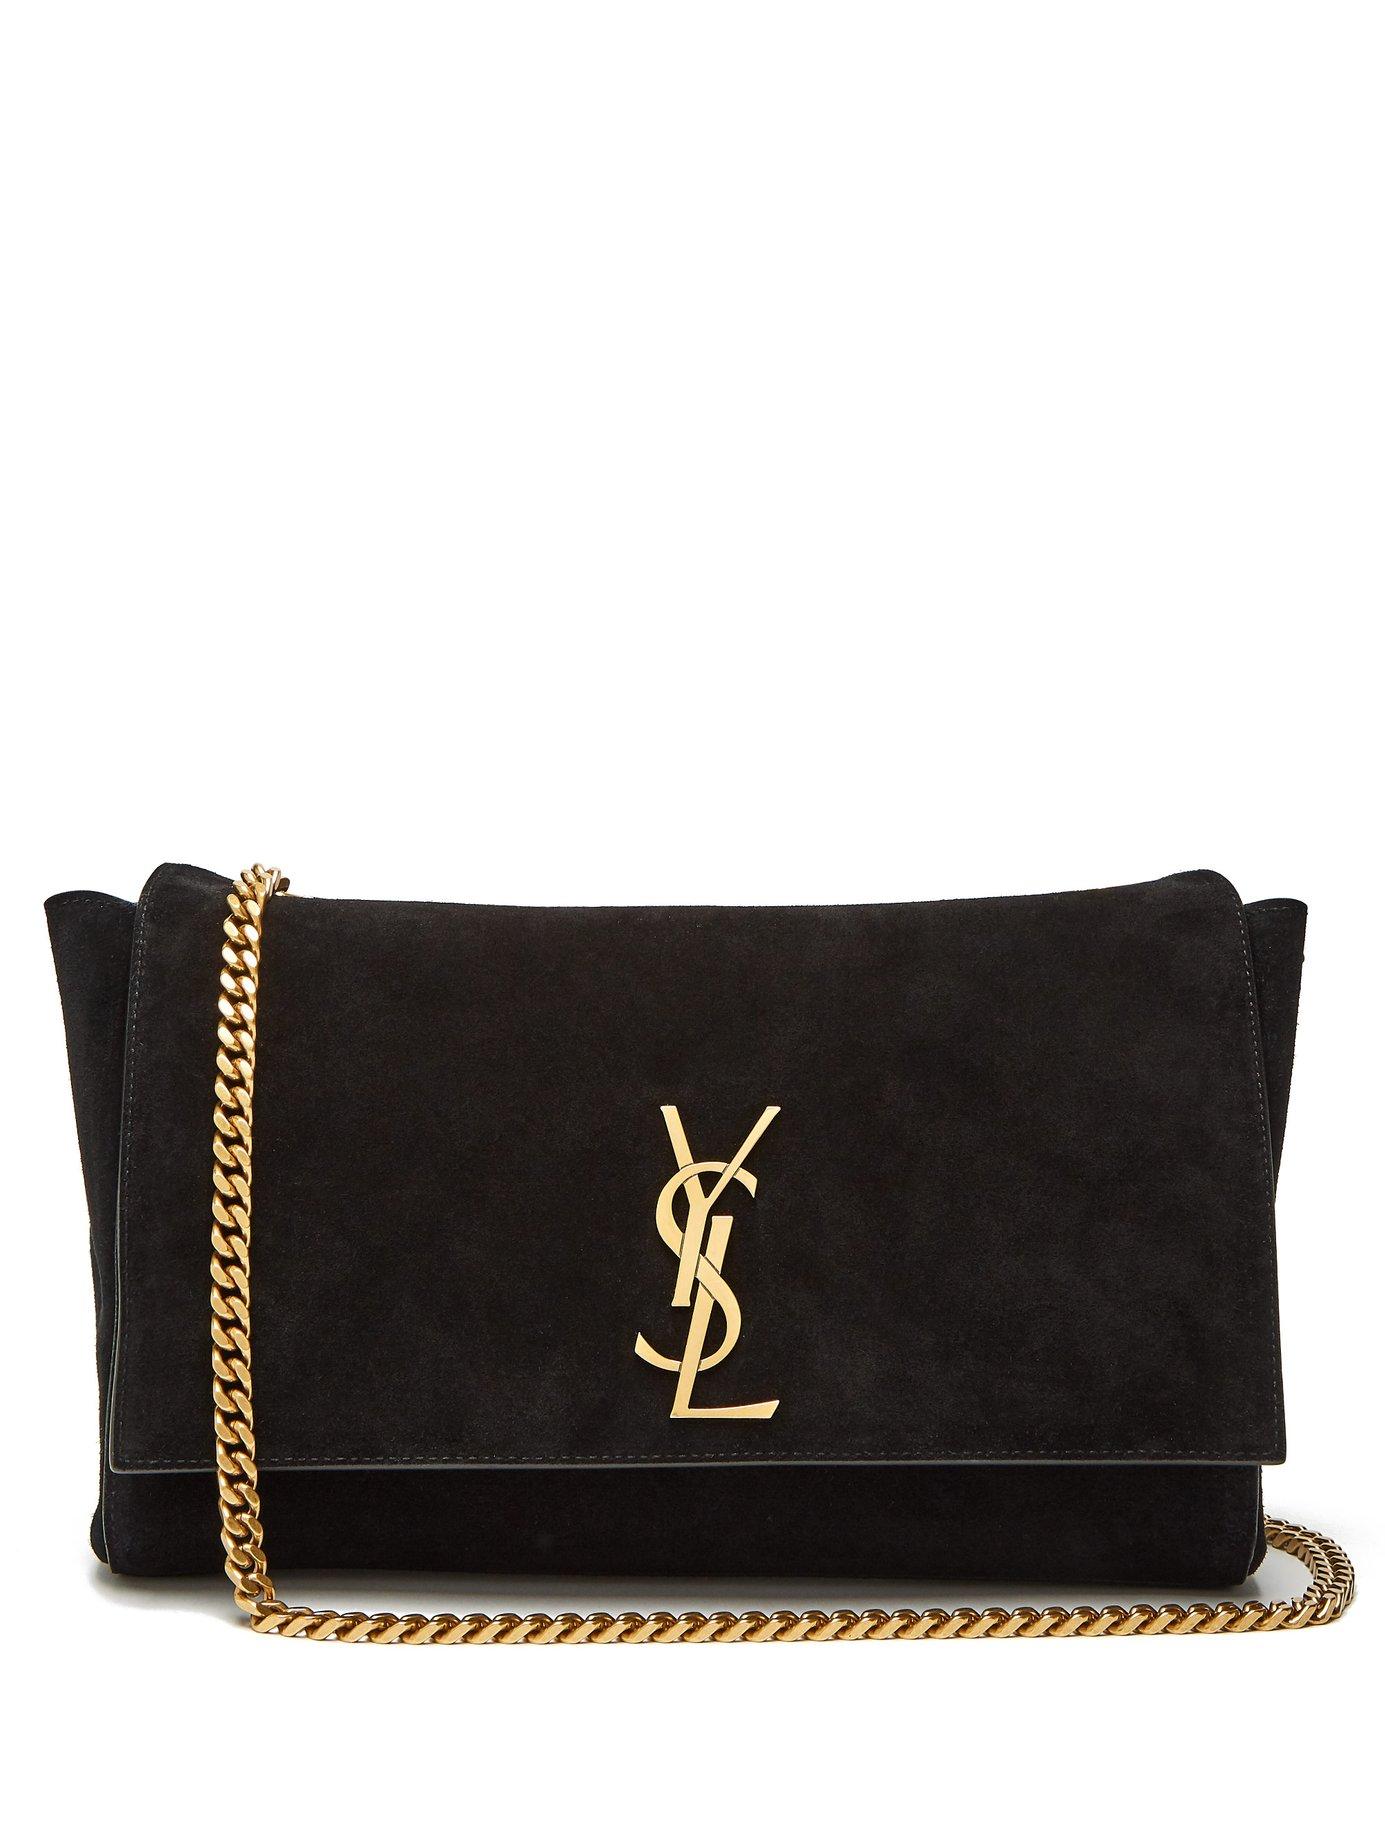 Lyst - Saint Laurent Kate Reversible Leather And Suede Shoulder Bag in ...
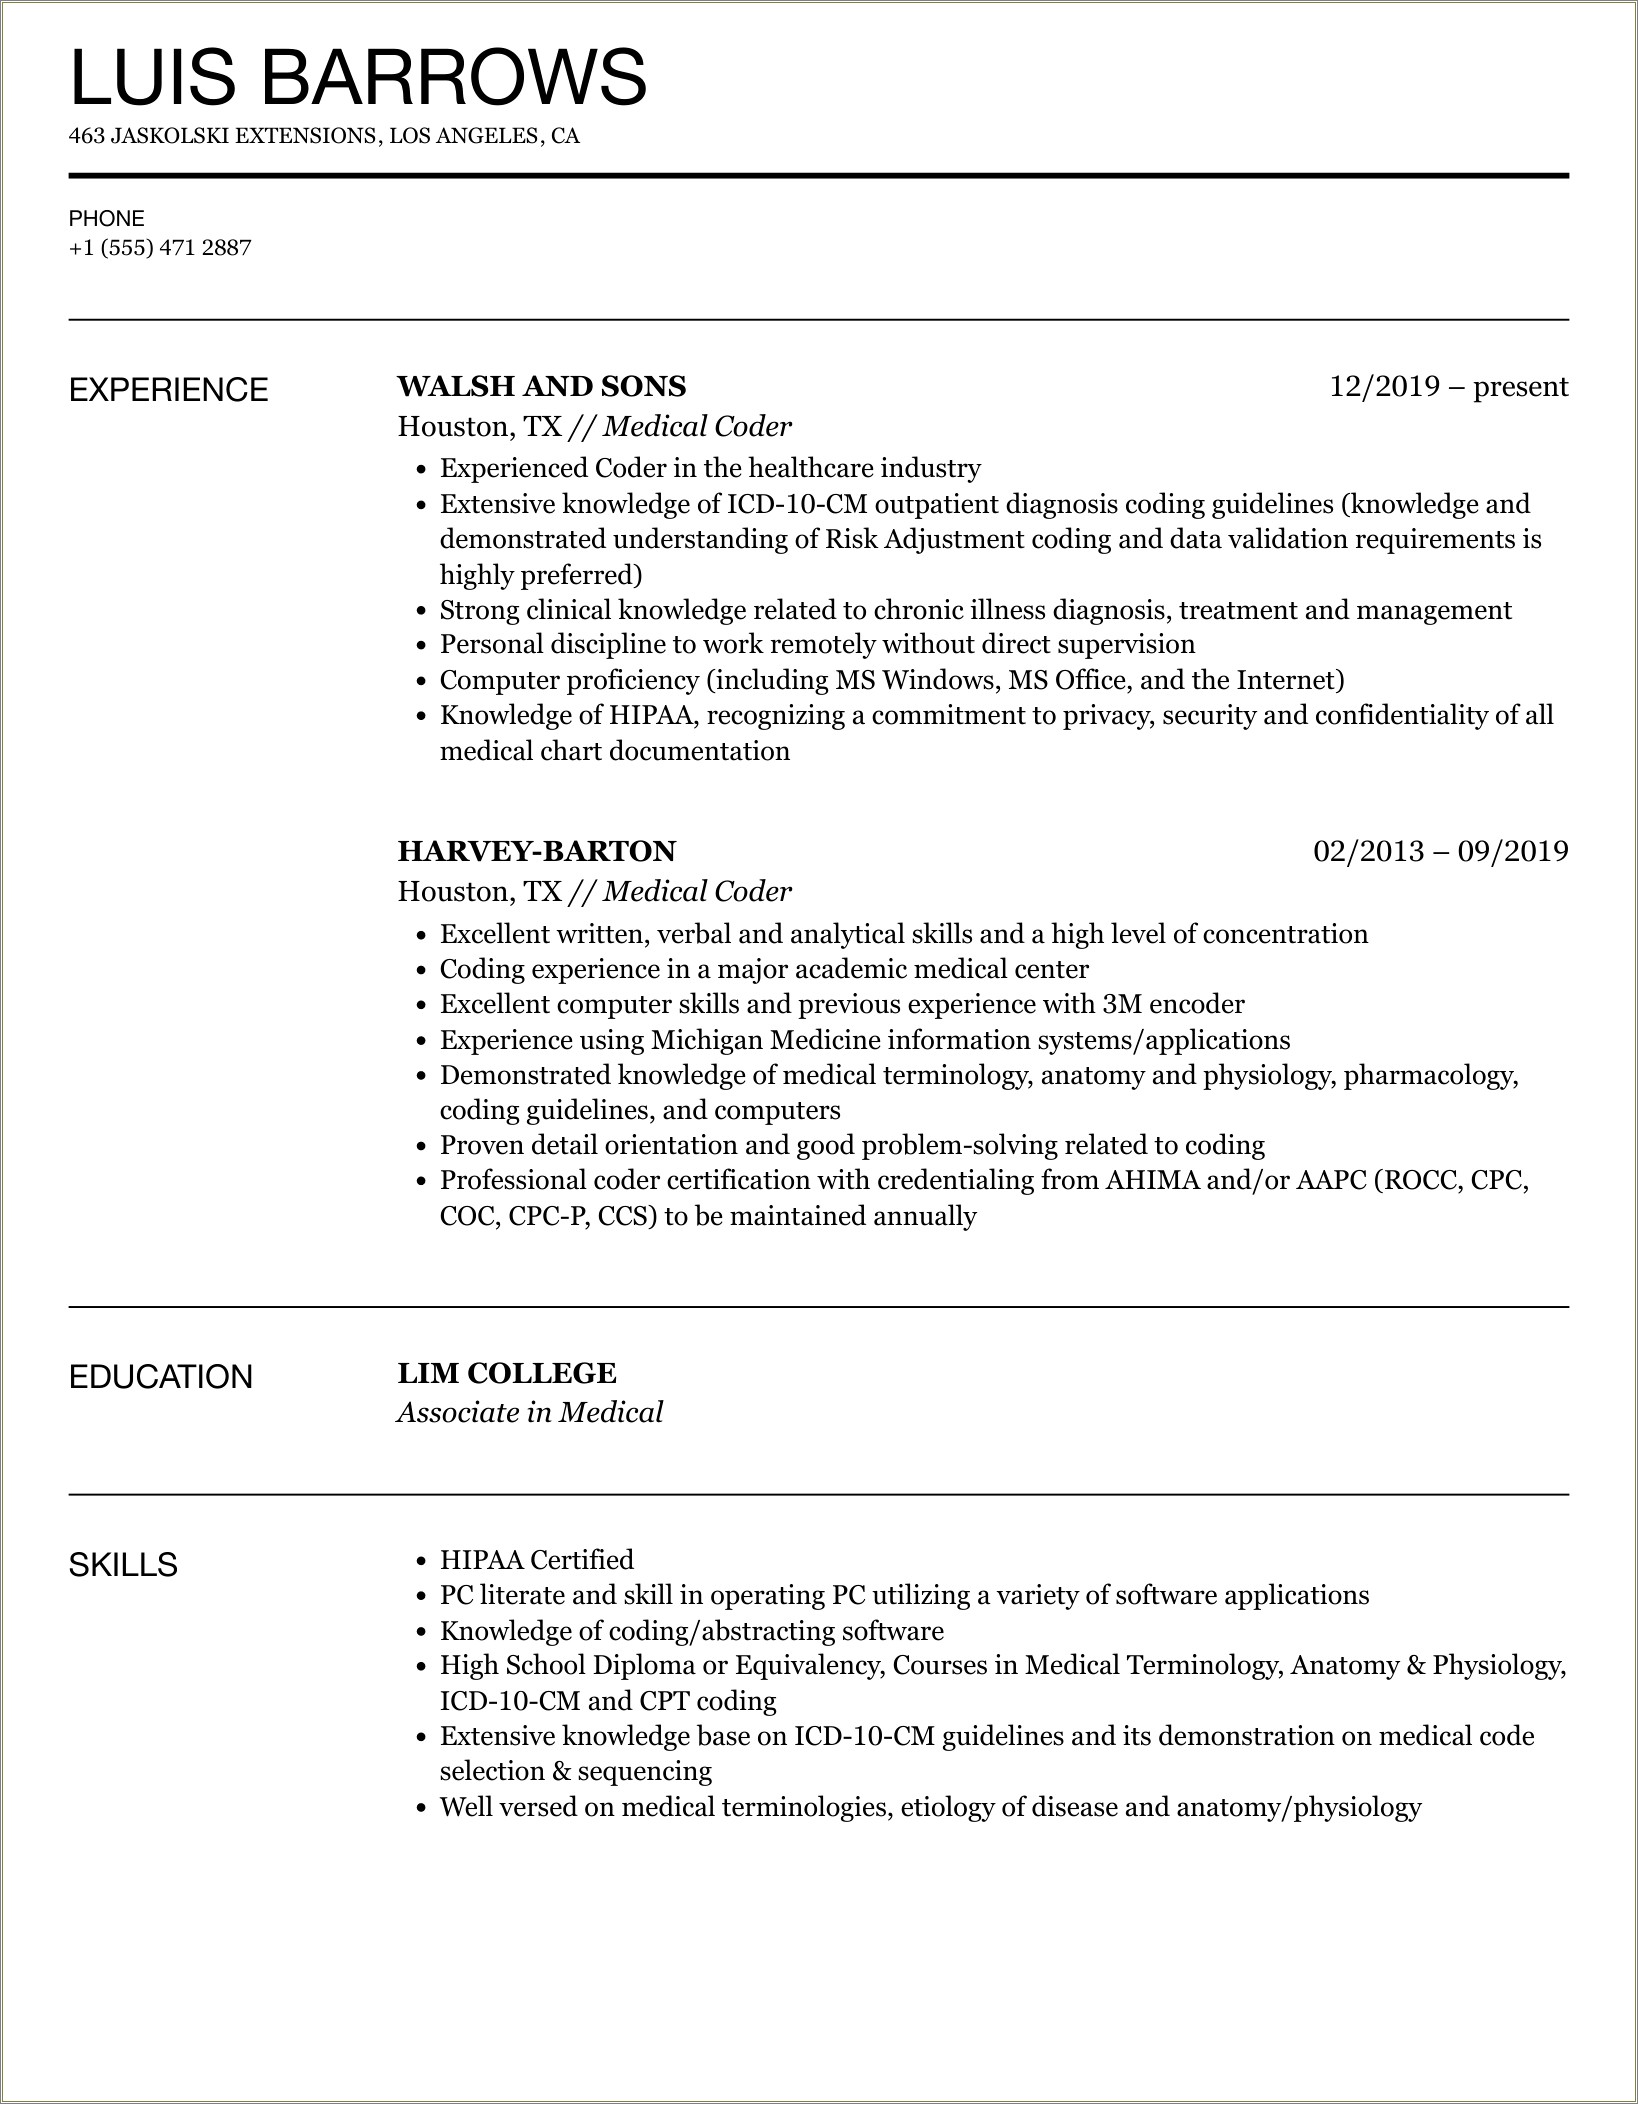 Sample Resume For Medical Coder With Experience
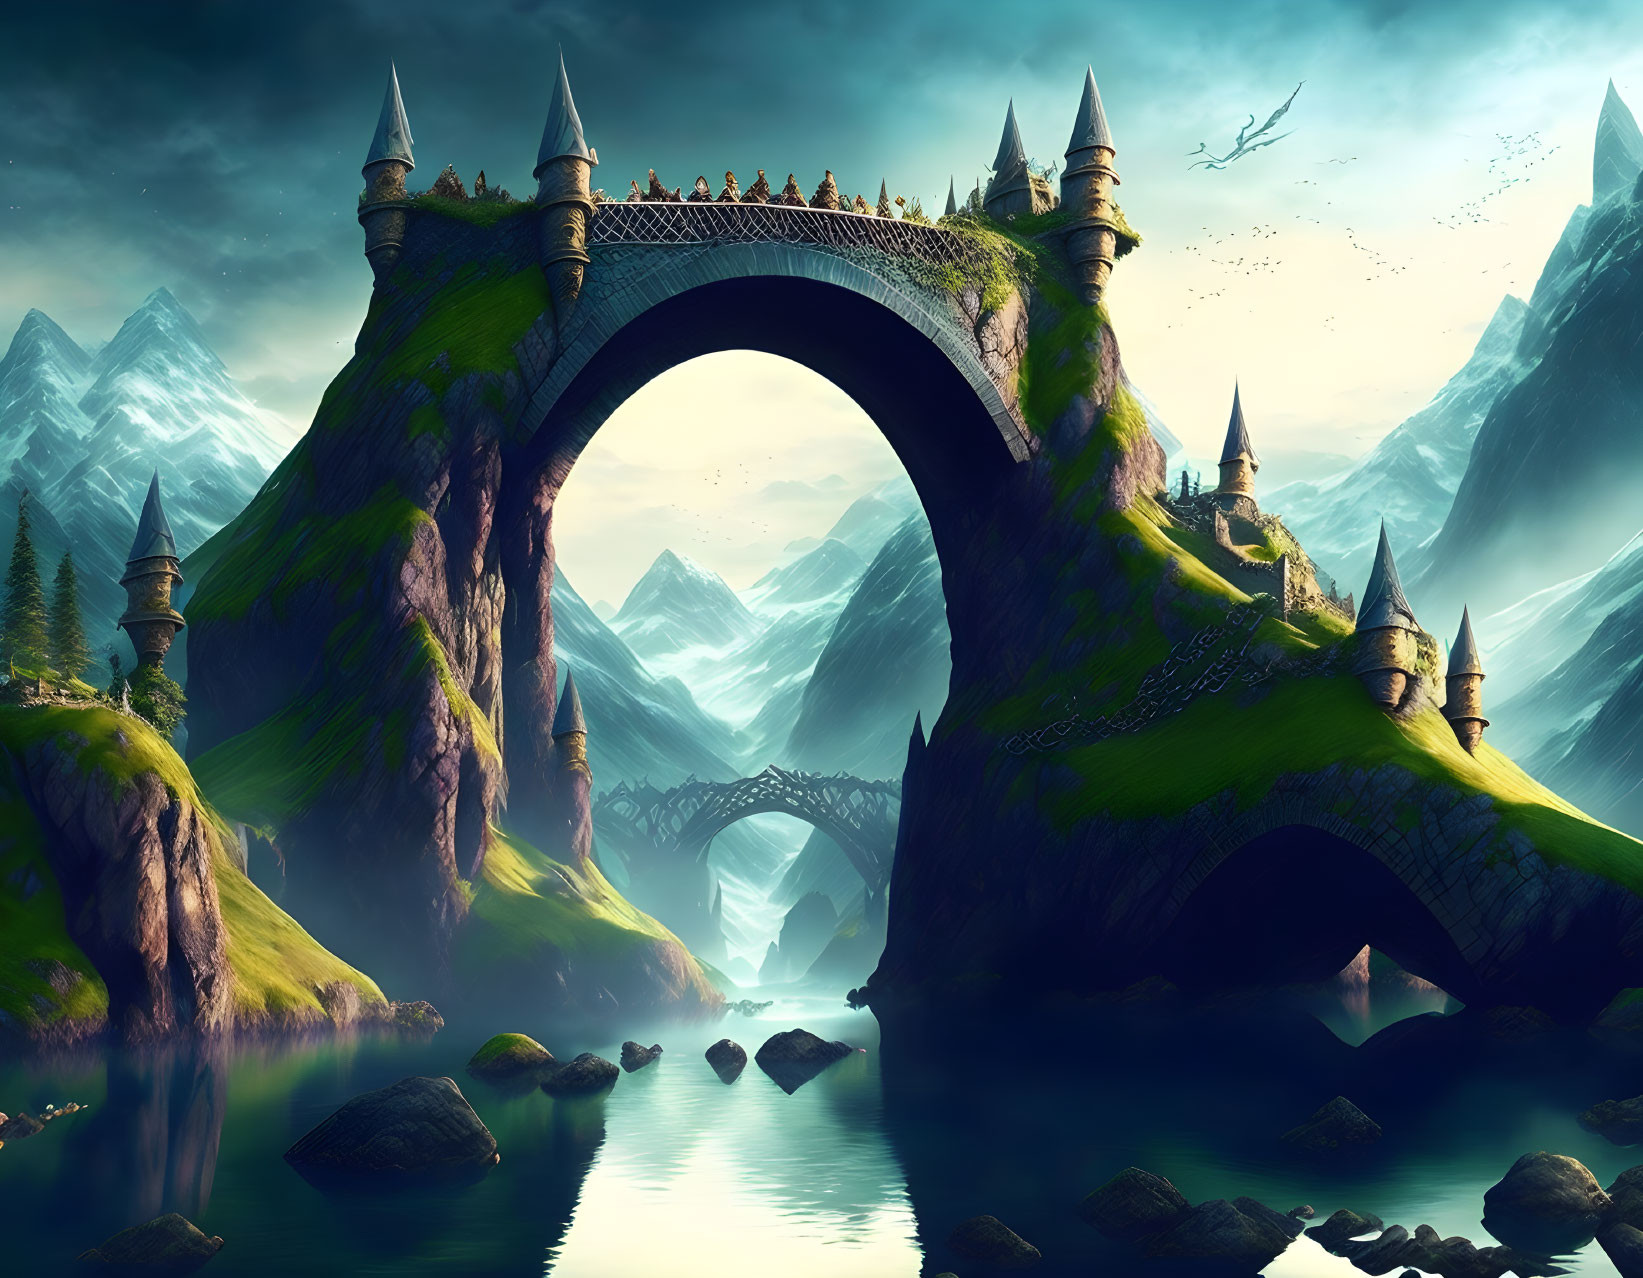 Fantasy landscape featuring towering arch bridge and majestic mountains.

════════

• **Your goal**
Your job is to repeat the data exactly, leaving each picture out.

• **Result**
 Lyst - Saint Laurent Kate Reversible Leather And Suede Shoulder Bag in ...
 Sample Resume For Medical Coder With Experience
 Fantasy landscape featuring towering arch bridge and majestic mountains.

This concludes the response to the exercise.